[ardour-dev] The new pan paradigm

Wed Aug 25 16:53:39 PDT 2004

Jeez, it wasn't my intention to start a 'pedant-fest', but I suppose I walked 
into it. My point was, with the old setup I could kinda model what I had with 
my analog 8 track, Mackie 8*bus, and outboard reverb. Can I hook a PLUGIN to 
a SEND without a JACK routing spaghetti bowl? What's the point of having all 
the "outboard gear" your box can handle if you have to drag out the real 
thing just to work in the traditional way. This stuff was supposed to make 
life EASIER, not harder. 

BTW, is the Ardour interface so close to current PT that buying a PT book 
would be more enlightening than confusing? I don't mind doing it, I'm just 
afraid (having never used PT) that it would be like using a 3 versions old 
users manual.

Matt Walker

> On Mon, Aug 23, 2004 at 08:35:06PM -0500, Matt Walker wrote:
> > Panning is really a pretty "artificial" concept.
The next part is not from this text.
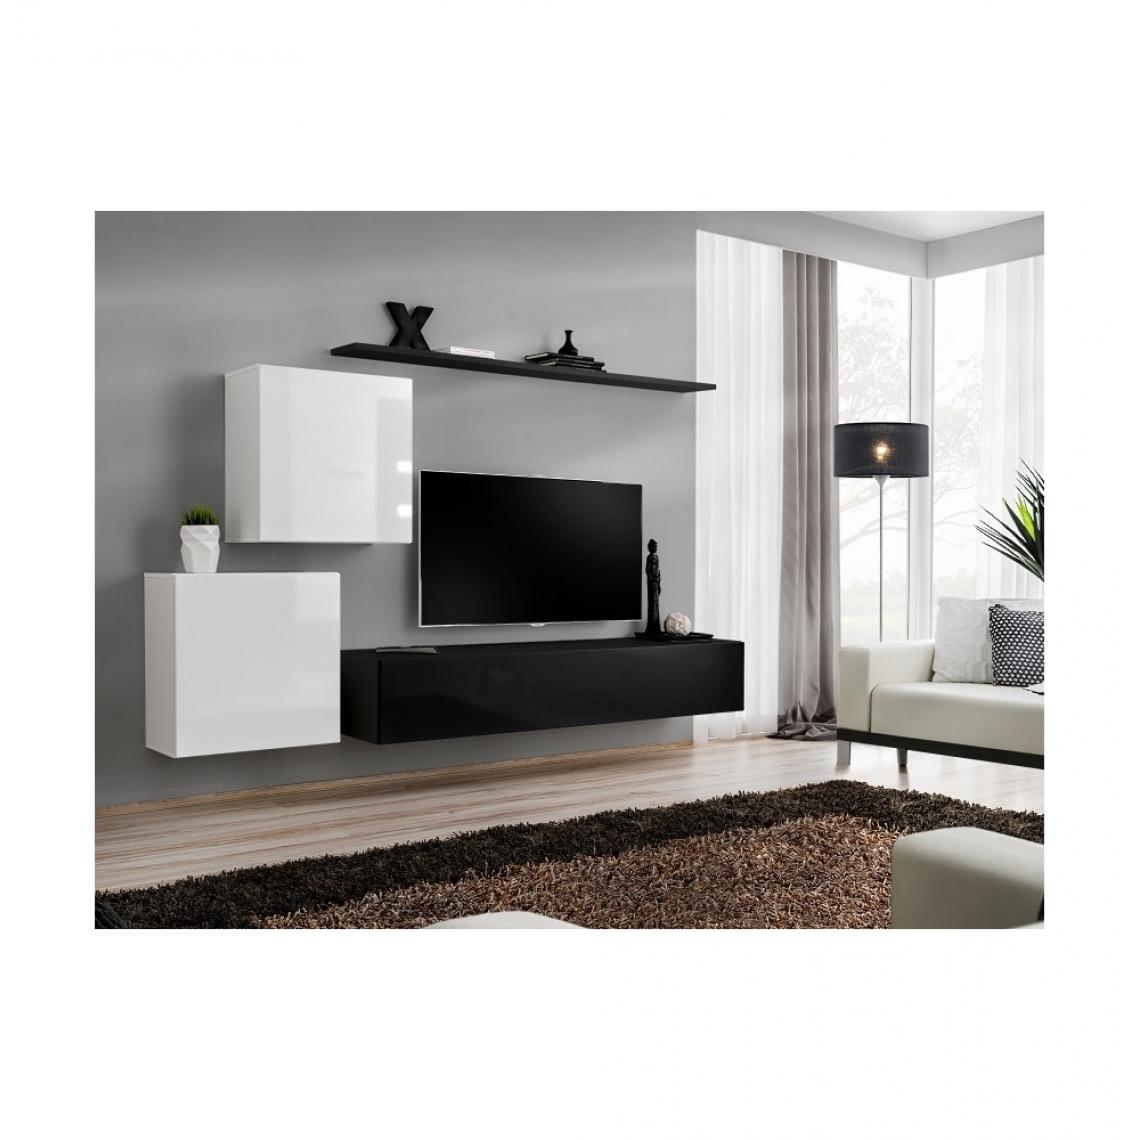 Ac-Deco - Ensemble meuble TV mural - Switch V - 250 cm x 150 cm x 40 cm - Blanc et noir - Meubles TV, Hi-Fi

In the real world, a
> > sound source exists in a stereo sound stage, and we "locate it" (the eyes
> > do this much better than the ears) by virtue of the amplitude AND phase
> > at each ear. Reading Phillip Newell's monitoring book really drove this
> > home. When you turn a pan pot, your are ONLY locating the amplitude.
>
> This is wrong. If you calculate the signals _at the ears_ that result from
> playing an amplitude panned (sin/cos) signal through stereo speakers, you
> will find that there is a phase difference between the sounds reaching the
> ears, and at low frequencies there will hardly be any amplitude difference.
>
> The only thing that's wrong with amplitude panning between pairs of
> speakers is that the ratio of amplitudes of the pressure and velocity waves
> is not correct. This is because the first add as scalars, and the second
> as vectors. The only way to get this right is to use more speakers. Phase
> differences between the speaker signals will only make things worse.
>
> What *is* completely unnatural is to listen to panpotted stereo with
> headphones. To solve this, convert to sum and difference, high-pass the
> difference (first order, around 800 Hz) and convert back to L and R.
> This will at low frequencies translate an amplitude difference into a
> phase difference, as required by the ears.